In another preferred embodiment, the method of removing a well pipe and submersible pump from a well as disclosed herein, wherein the following supplemental steps follow step 2: 3. installing a tee handle on a hard well pipe inside a well casing and connecting a lift clamp to a crane cable of the device to the tee handle; 4. clamping a pipe clamp to the crane cable and to the hard well pipe; 5. engaging the spring control valve lever and the pipe spool up control to turn the pipe spool and raise the hard well pipe out of the well until a pipe joint is visible, temporarily disengaging the spring control valve lever, and securing a pipe dog to a pipe section below the pipe joint; 6. unclamping the pipe clamp from a pipe section above the pipe joint and clamping the pipe clamp to the pipe section below the pipe joint; and 7. unsecuring the pipe dog and repeating steps 5 and 6 until all hard well pipe is removed.
The invention is a device and system for removing a well pipe and storing it on a spool, and a related method of removal.
The device is a well pipe puller embodied as a powered, rotating combination of two or three spools, a first spool for collecting flexible well pipe, a second spool for the associated electrical wire, and an optional third spool for new wire, if replacement is required. Each spool is embodied with two circular sides connected by multiple cylindrical members arranged in a circle. The puller device is mobile and can be located directly at a well head. In one embodiment, the puller is transported using a mini skid steer or full-sized skid steer loader, depending on the specifications of the puller itself, which will be manufactured in several series of different sizes depending on the size and length of pipe to be pulled. Alternative methods of transport may also be used, including trucks or, where required, cranes. No assembly or installation of the device at the well site is required except for connection of the two spools to the pipe and wire, respectively, and stabilization as required using support jacks.
In combination with a powering mechanism and a means of attachment to a well pipe, the device further constitutes a well pipe removal system. The device is powered hydraulically, such as by a power-take-off supplied by a vehicle, which allows a user to control both the speed and direction of spool turning.
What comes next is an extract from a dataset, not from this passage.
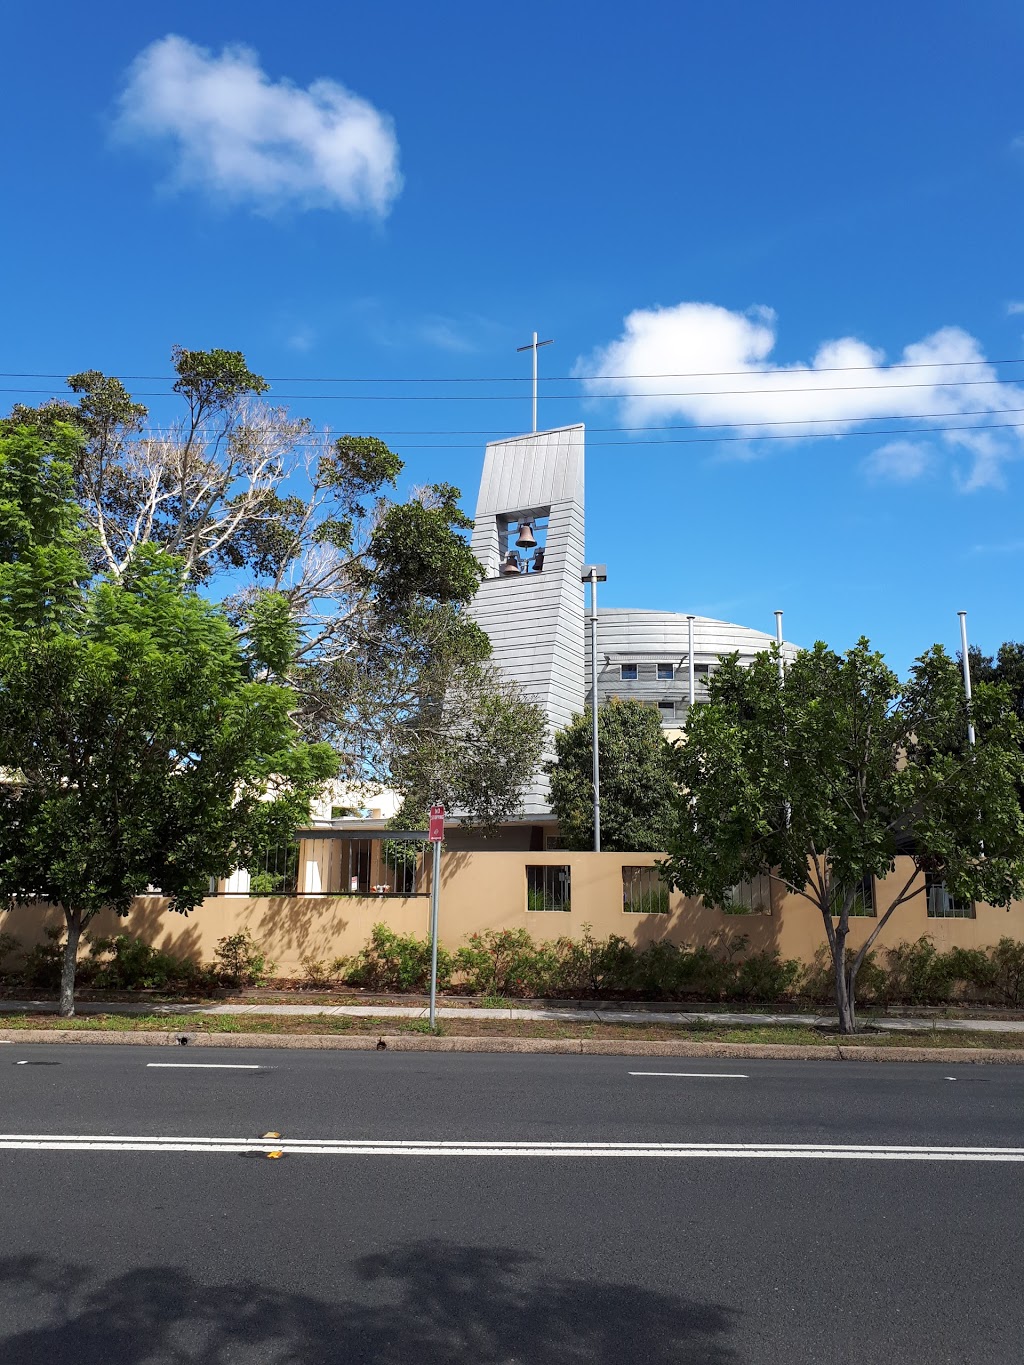 St John the Baptist Church | church | 125 Blackwall Rd, Woy Woy NSW 2256, Australia | 0243411073 OR +61 2 4341 1073

As such, no electrical cords, generator, blocking machine or other power plant or equipment is required beyond the vehicle on which the puller device is transported. As used for well pipe pulling, the speeds and directions of all engaged spools (e.g., pipe spool and wire spool(s)) should match when the device is engaged, allowing for simultaneous spooling or unspooling of pipe and wire. In a preferred embodiment, spooling speed is variable at between approximately 1 to 7 rpm, with and average of 5 rpm. This embodiment also features the retrieval or reinsertion of approximately 9 feet of pipe/wire per revolution, allowing for an average of approximately 45 feet of pipe/wire per minute to be spooled or unspooled.
Hydraulic power components controlling the speed and direction of spooling include hydraulic piping, a drive motor for the pipe spool, drive motor for the wire spool, hydraulic drive gear reduction motor, brakes for each of the pipe and wire spools, pressure gauge, spring control valve, wire spool valve, flow control balance valve and adjustable relief valve. The spring control valve controls the entire power system and closing the spring valve thus effects a total power shutdown. The wire spool valve is preferably embodied as a detent valve, which releasably retains itself in an open position and hydraulically returns to a neutral position in response to a predetermined pressure in the hydraulic system via a relief valve.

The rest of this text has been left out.